- _HOW TO COMPLETE THIS TASK_
Leave out every picture and set down, exactly, the lines below from the one holding "Coastal Bend Hurricane Conference_Web-Banner" up to and including the one holding "ADI 2500 replacement battery".

- _DATA SHOWN_
◇ ◇ ◇ ◇ ◇
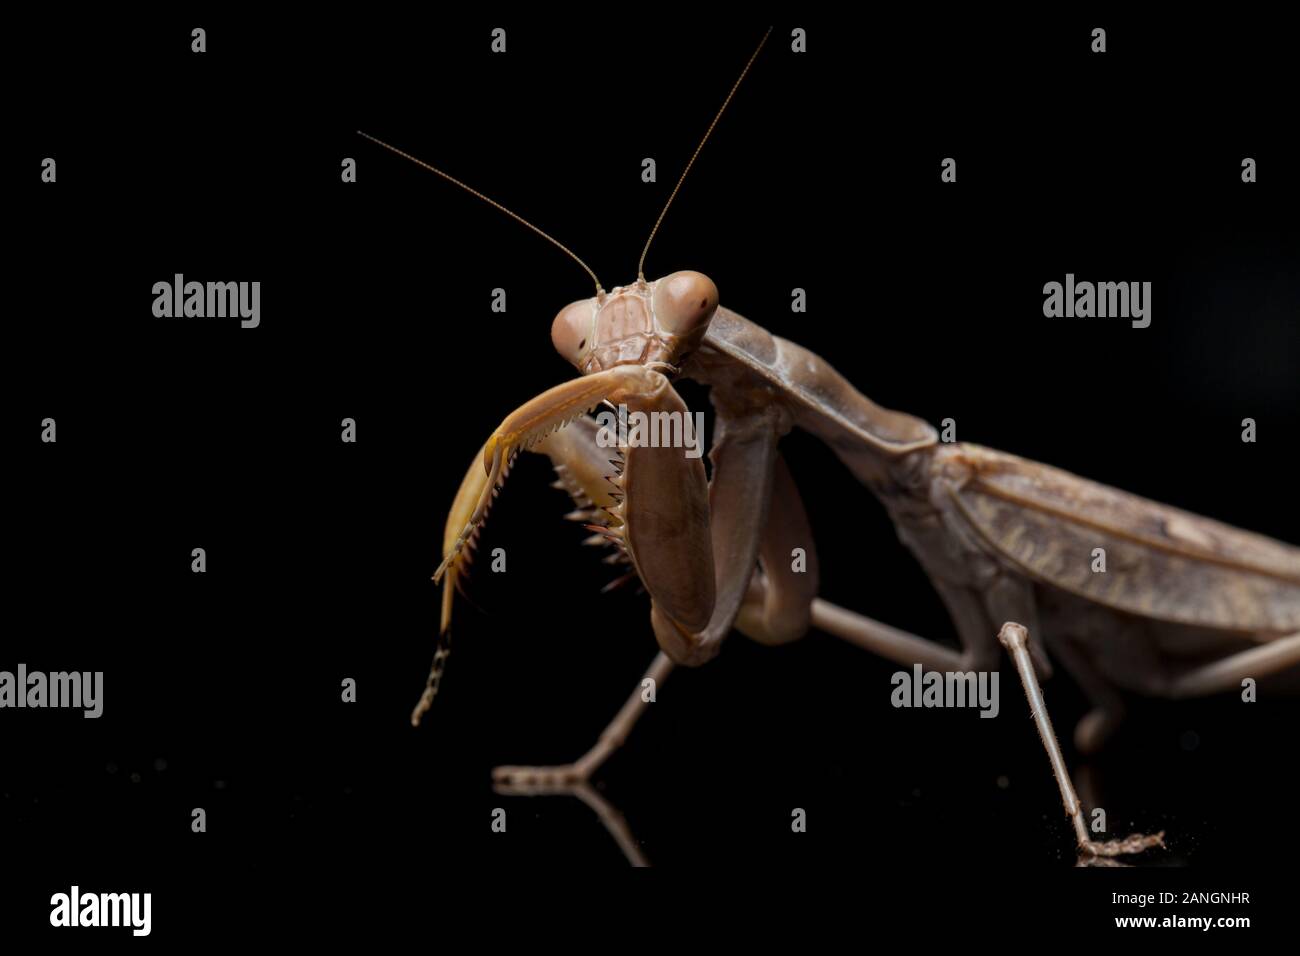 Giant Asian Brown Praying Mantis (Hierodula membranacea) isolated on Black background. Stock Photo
◇ ◇ ◇ ◇ ◇
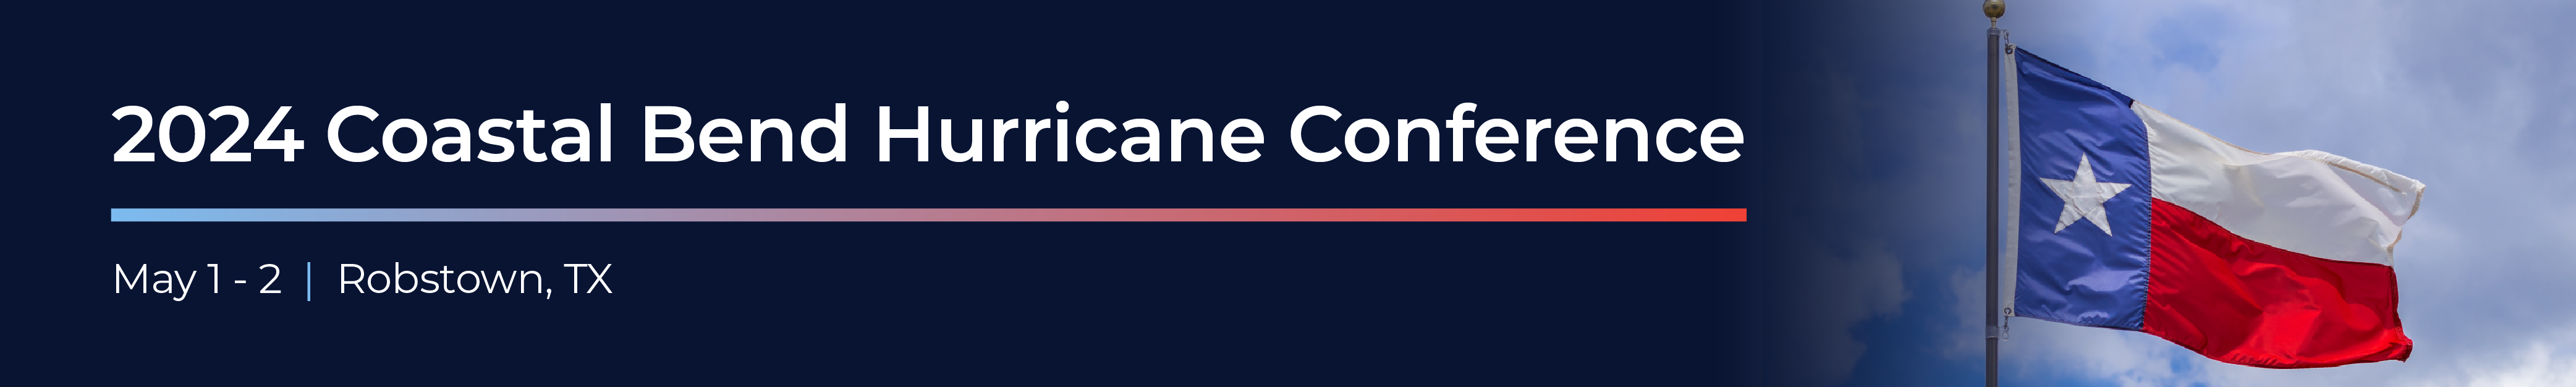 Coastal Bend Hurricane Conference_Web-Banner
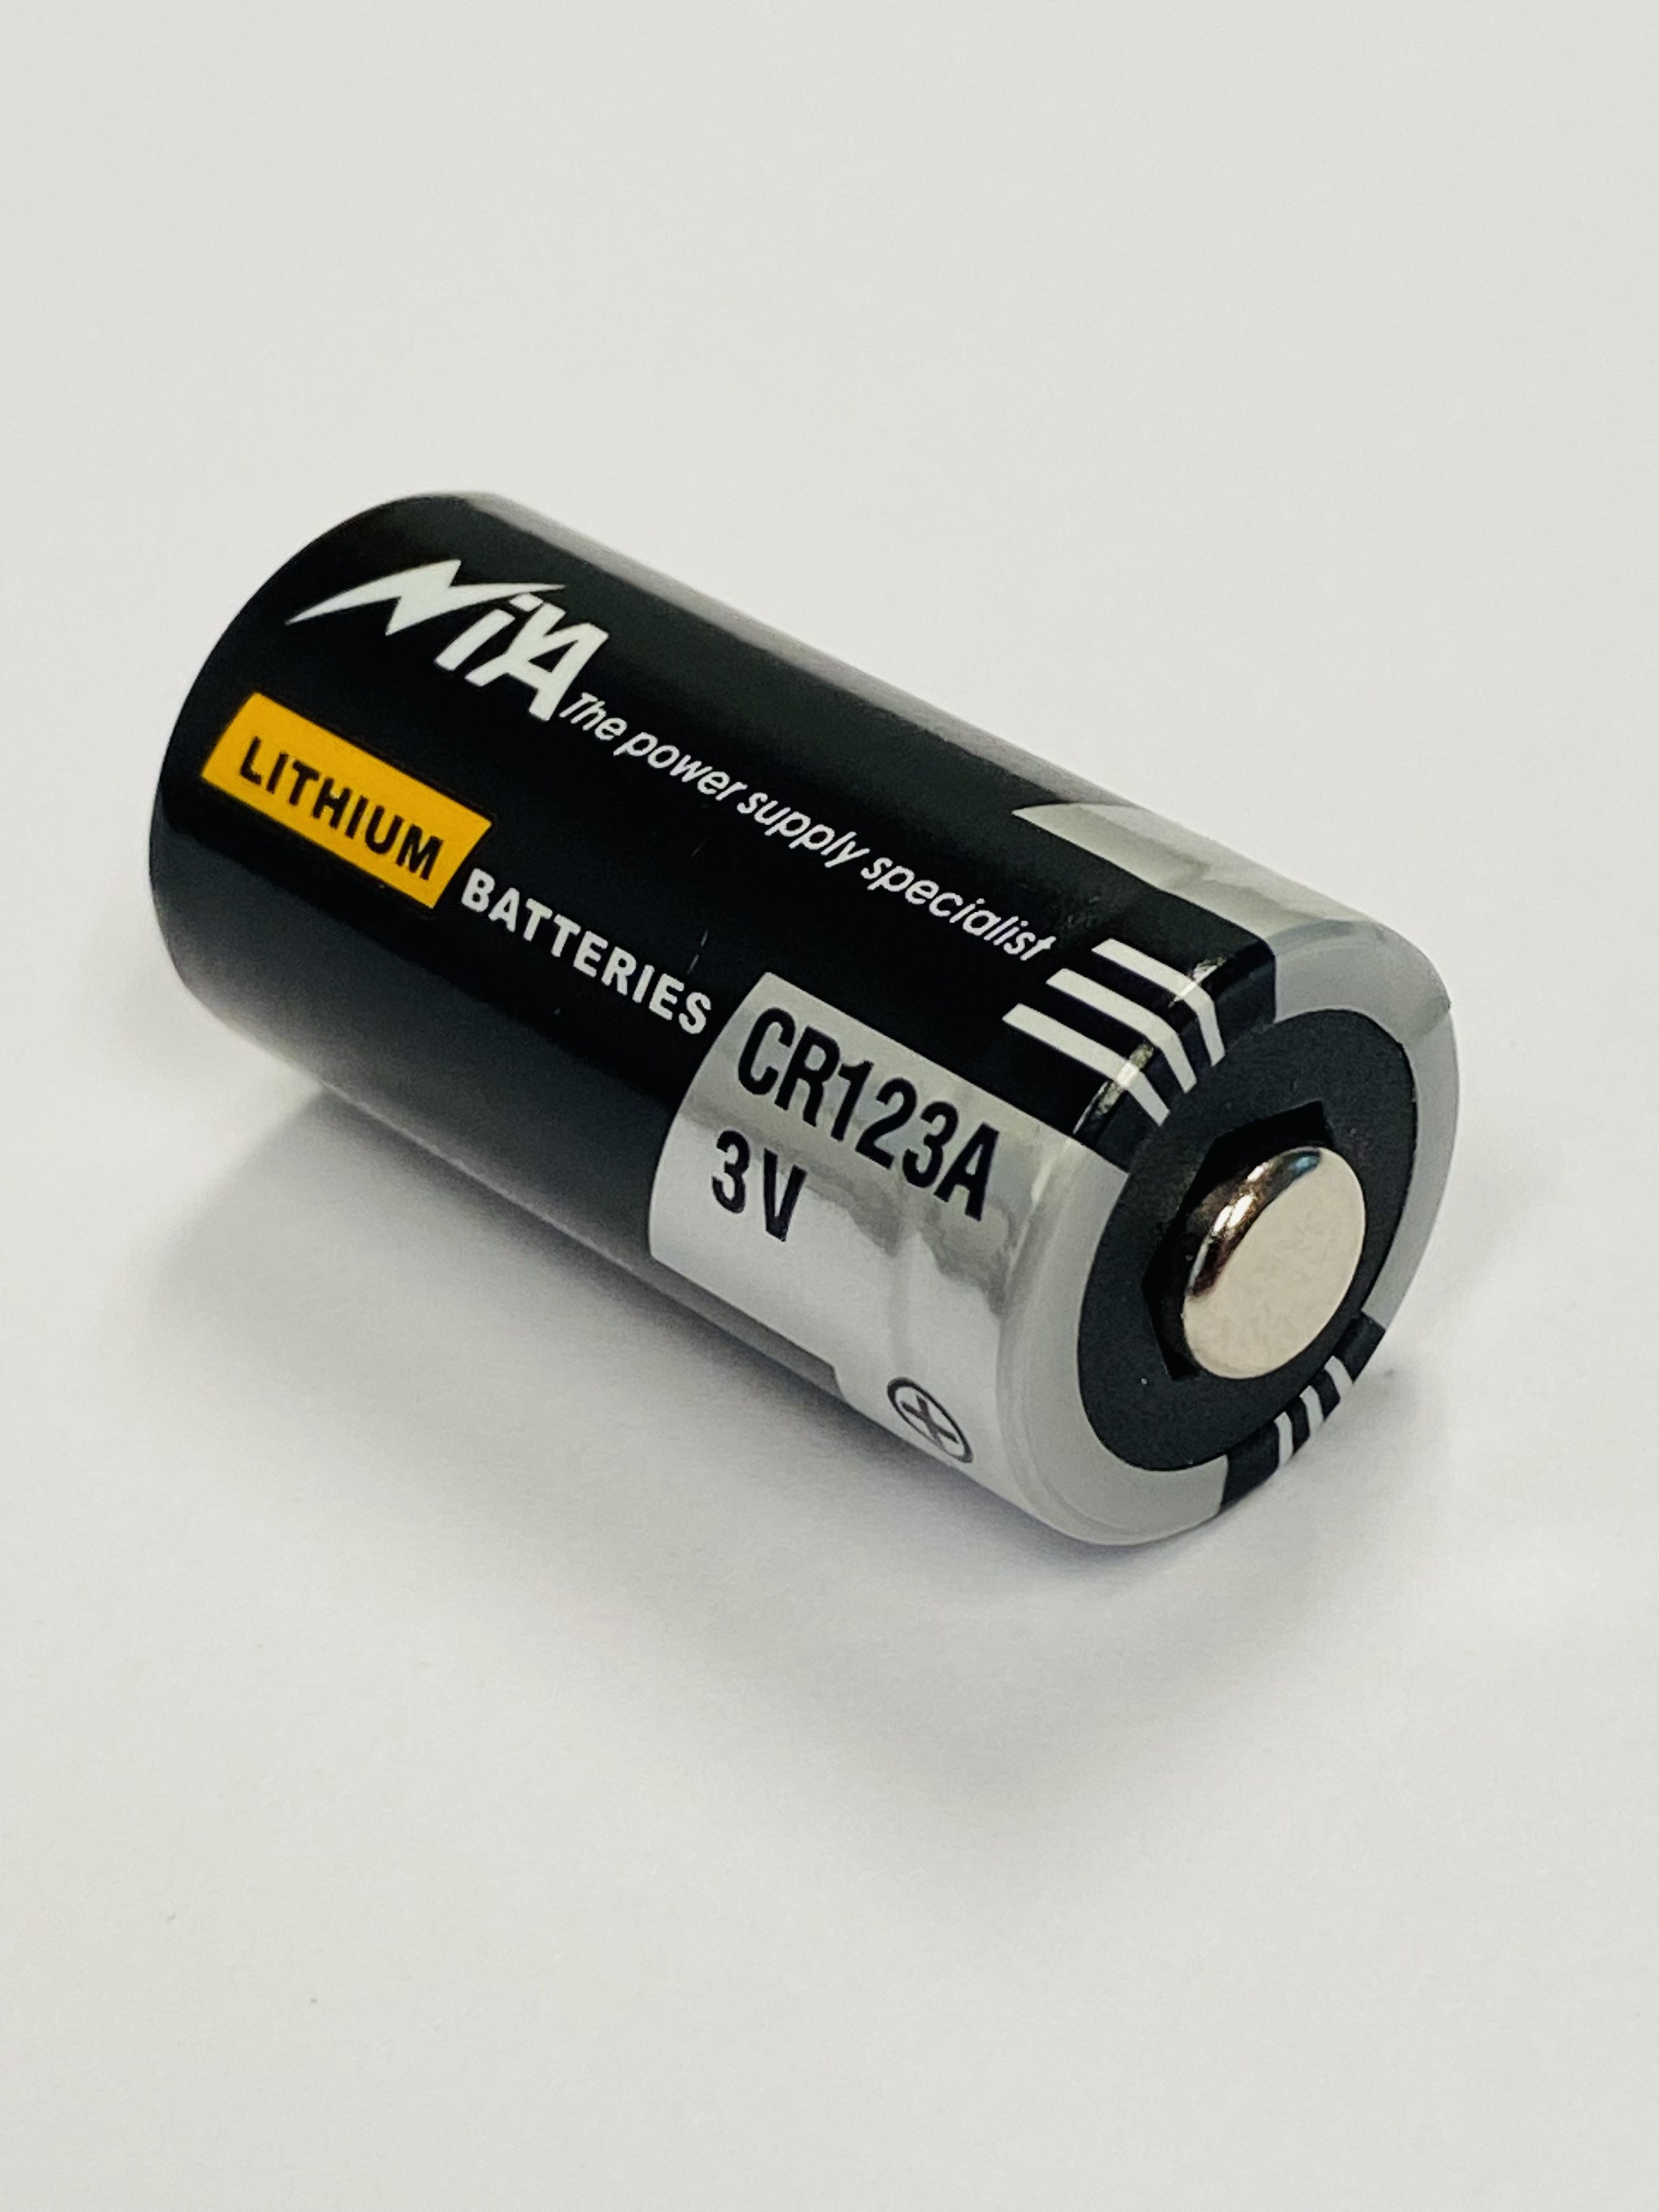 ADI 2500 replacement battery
◇ ◇ ◇ ◇ ◇
- _EXPECTED ANSWER_
 Coastal Bend Hurricane Conference_Web-Banner
 ADI 2500 replacement battery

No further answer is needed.